Waterfront Blues Festival
[BLUES] With $10 and some canned food you can listen to dozens of bands that sound like Canned Heat. Except on Sunday, when $50 buys you a view of the back of some dude's head and the chance to hear what's still left of Robert Plant's voice. Which is to say, go Friday or Saturday. Gov. Tom McCall Waterfront Park, Southwest Naito Parkway between Harrison and Glisan streets. 10:30 am. Friday-Sunday $10 suggested donation. $50 Sunday. All ages.

Greg Rucka
[BOOKS] In Greg Rucka’s dystopian future, government is a joke and possession is everything (so, kinda like today). His new comic, Lazarus No. 1, kicks off with the immediate death of its protagonist, with things going swiftly downhill from there. Portland-based Rucka, who has penned nearly a dozen novels and had the opportunity to write comics featuring Batman, Superman and Wonder Woman, will be on hand for the release party of Lazarus. Bridge City Comics, 3725 N Mississippi Ave., 282-5484. 6 pm. Free.

Wild Ones
[ELECTRO DREAM POP] This is music born of careful consideration, not freeform abandon. Golden-glow synths flutter with crystalline grace around subtly employed guitars and light dance beats, like Beach House shaken out of its love-buzzed haze. It’s starry-eyed, swollen-hearted and totally controlled. Mississippi Studios, 3939 N Mississippi Ave., with My Body and Genders, on Friday, July 5. 9 pm. $5. 21+.

The Ocular Concern, Andy Clausen
[ELECTRIC JAZZ] Soon-to-depart Portland jazz pianist and composer Andrew Oliver’s electric-jazz quintet may have its visual worries, but its ear is working just fine. With groovy pop hooks and toe-tapping rhythms, the Ocular Concern makes unapologetically fun, concise and original jazz. Meanwhile, on its new album, The Wishbone Suite, former Seattle trombonist and composer and current Juilliard student Andy Clausen’s chamberjazz quintet reveals remarkable range, from gentle, pensive accordion-enhanced moments to rhythmically robust, clarinet-charged escapades. One of jazz’s most promising young compositional talents, Clausen has worked with Benny Golson, Wynton Marsalis (who’s performed Clausen’s music), Bill Frisell, Joe Lovano and other jazz greats. Backspace, 115 NW 5th Ave., 248- 2900. 8 pm Friday, July 5. $10. All ages.

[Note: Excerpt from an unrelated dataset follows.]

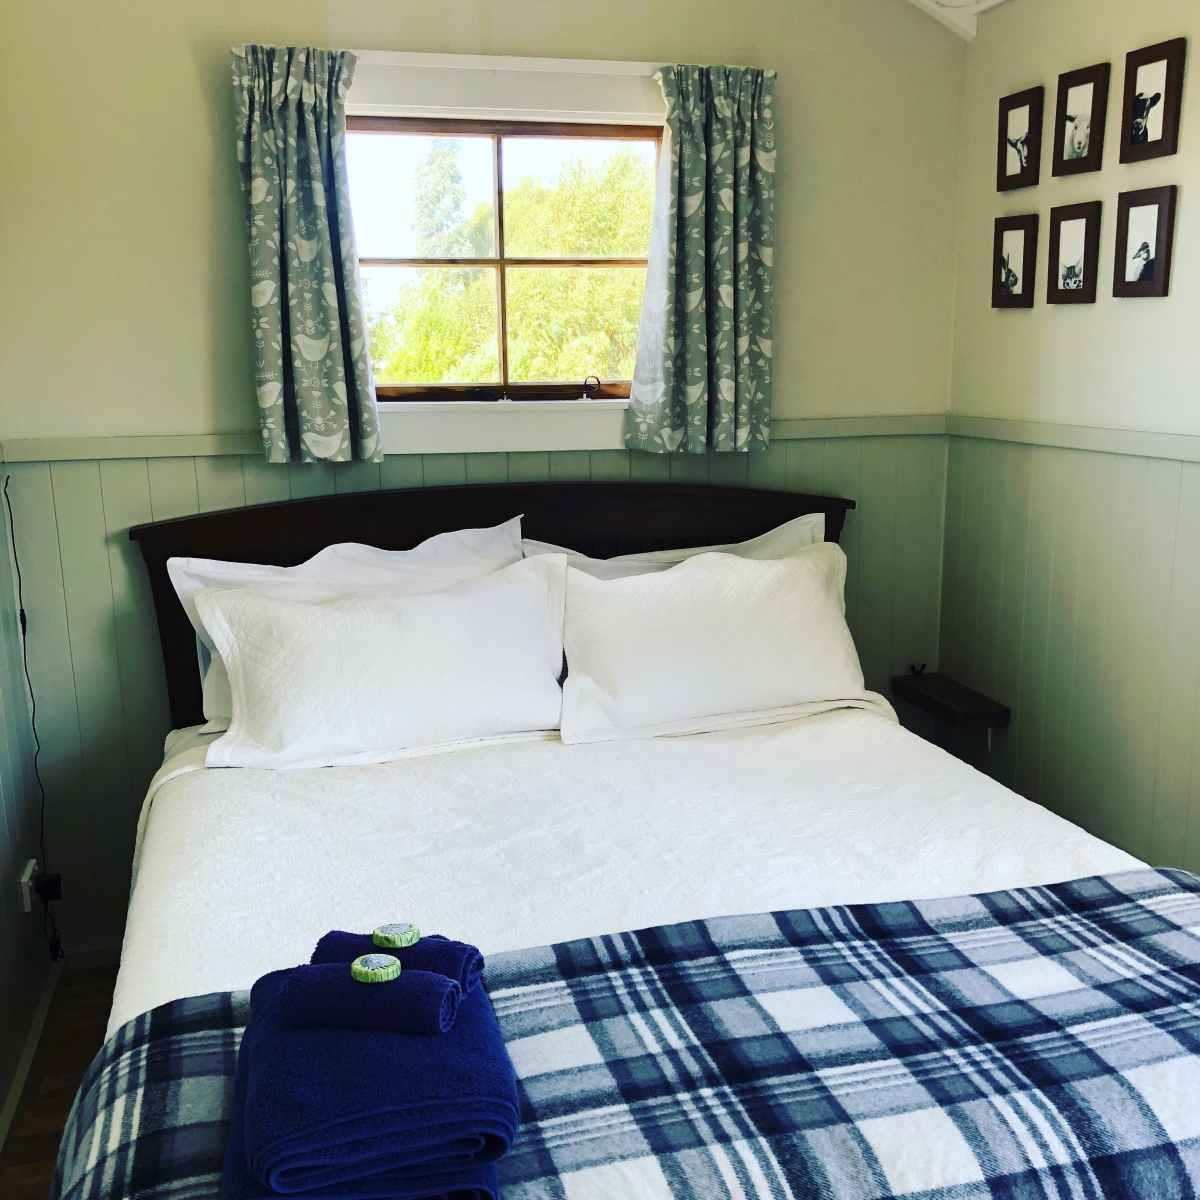 Photo of property: Queen bed
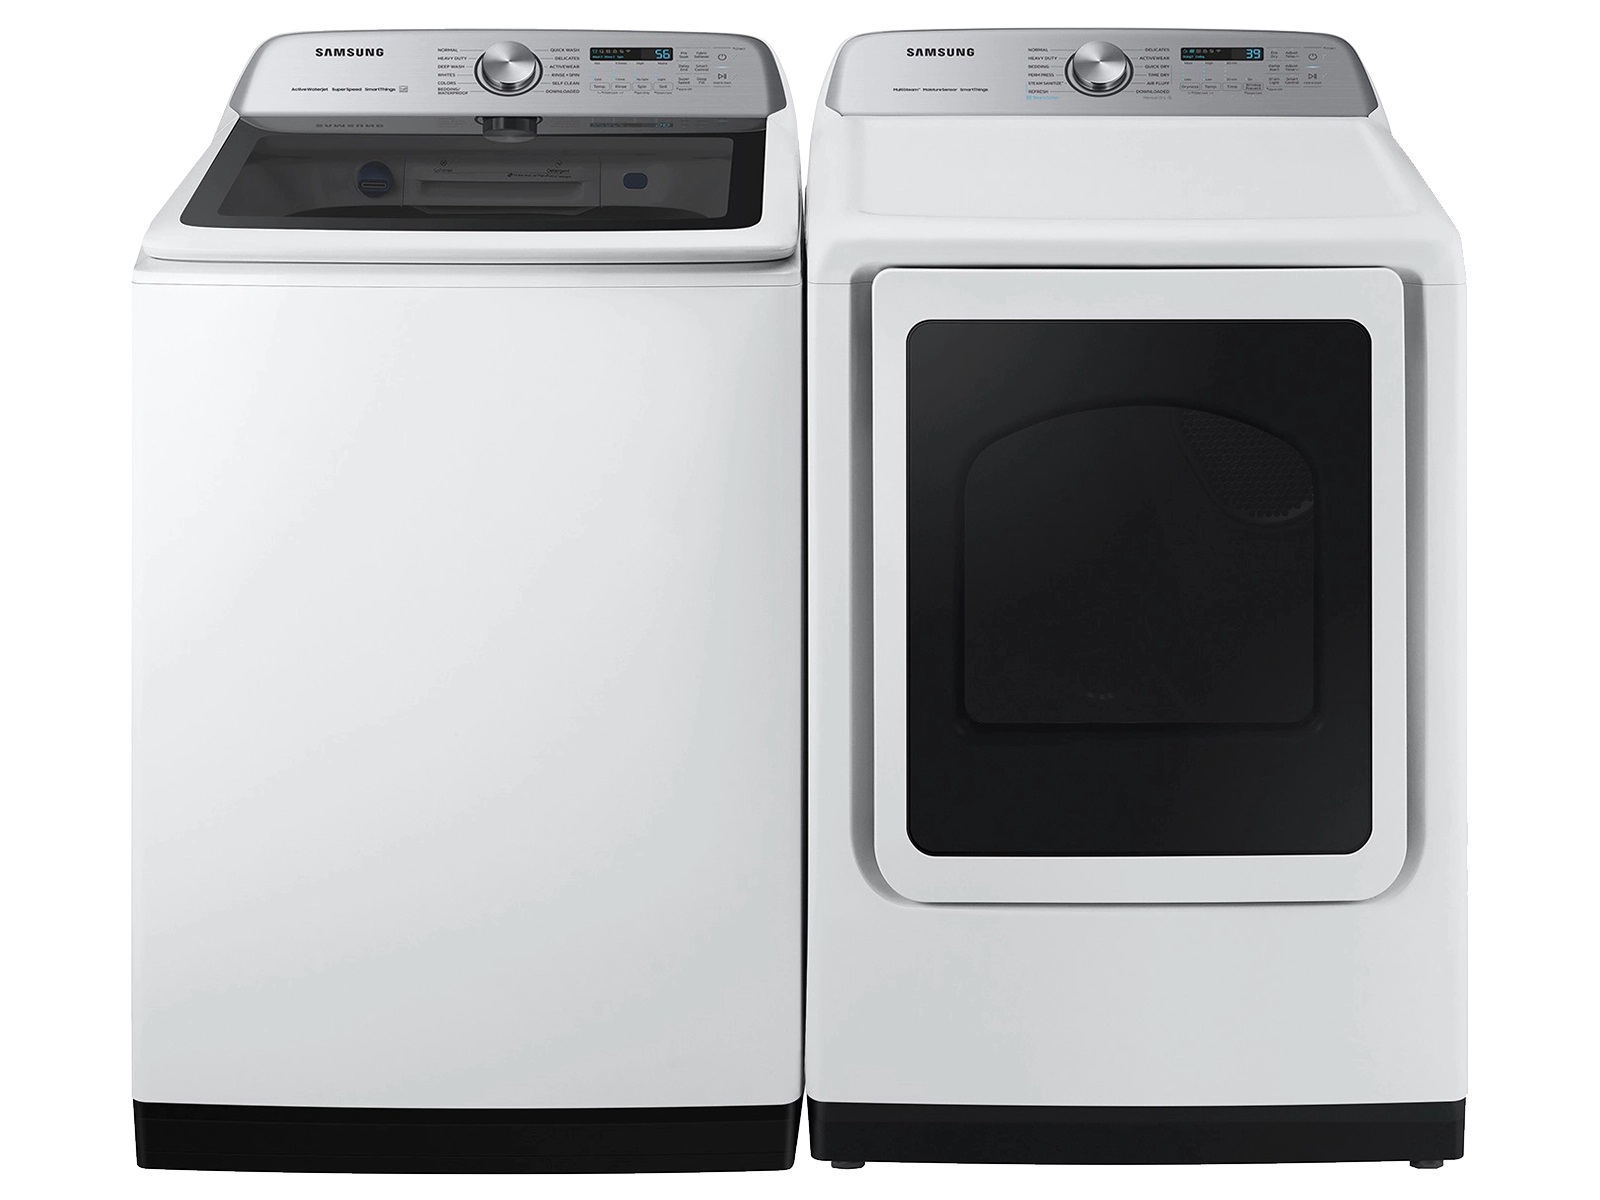 The Samsung 5.2 cu. ft. Large Capacity Smart Top Load Washer with Super Speed Wash and 7.4 cu. ft. Smart Electric Dryer with Steam Sanitize+.

Till Death: The Six Wives of Henry VIII
[THEATER] Henry VIII had six wives, and Tara Travis plays them all (plus the gluttonous playboy himself) in this solo show, which takes place in the afterlife as the slain ladies spill secrets and hash it out with each other. Expect a game of keepaway with Anne Boleyn’s head. The CoHo Theater, 2257 NW Raleigh St., 715- 1114. 7:30 pm. $15.
Power of County, Bison Bison, Trask River Redemption
[COUNTRY] Unbridled by the ironic hipsterism that so pervades the Northwest’s alt-country scene, Portland quartet Power of County stands out precisely because it isn’t “alt-country” so much as it is pure country, and not in that mainstream, George Strait sense. Guitars riffing, fiddle screeching and vocals yowling, the band harks back to the days of true outlaws, bringing forth a rowdy-ass sound that simply demands drinking on the dance floor. As a result, PoC has spent the better part of the decade flying in the face of the new country movement, sticking to its guns and roots with a middle finger proudly raised. Tonight, the band celebrates the release of its self-titled fourth album. Dante’s, 350 W Burnside St., 226-6630. 9 pm. $5. 21+.

Saturday, July 6

Burnside Brewing: Brew Masterpiece Theater
Burnside Brewing kicks off its third annual Brew Masterpiece Theater, which continues on Aug. 3 and Sept. 7. Raiders of the Lost Ark will be projected on a 16-foot screen and supplemented with a hoppy, low-alcohol India Session Ale-style beer called the Henry Jones Jr. All proceeds benefit the nonprofit Hollywood Theatre. BYO chair or blanket. Burnside Brewing Co., 701 E Burnside St., 946-8151. Dusk. Free. 21+.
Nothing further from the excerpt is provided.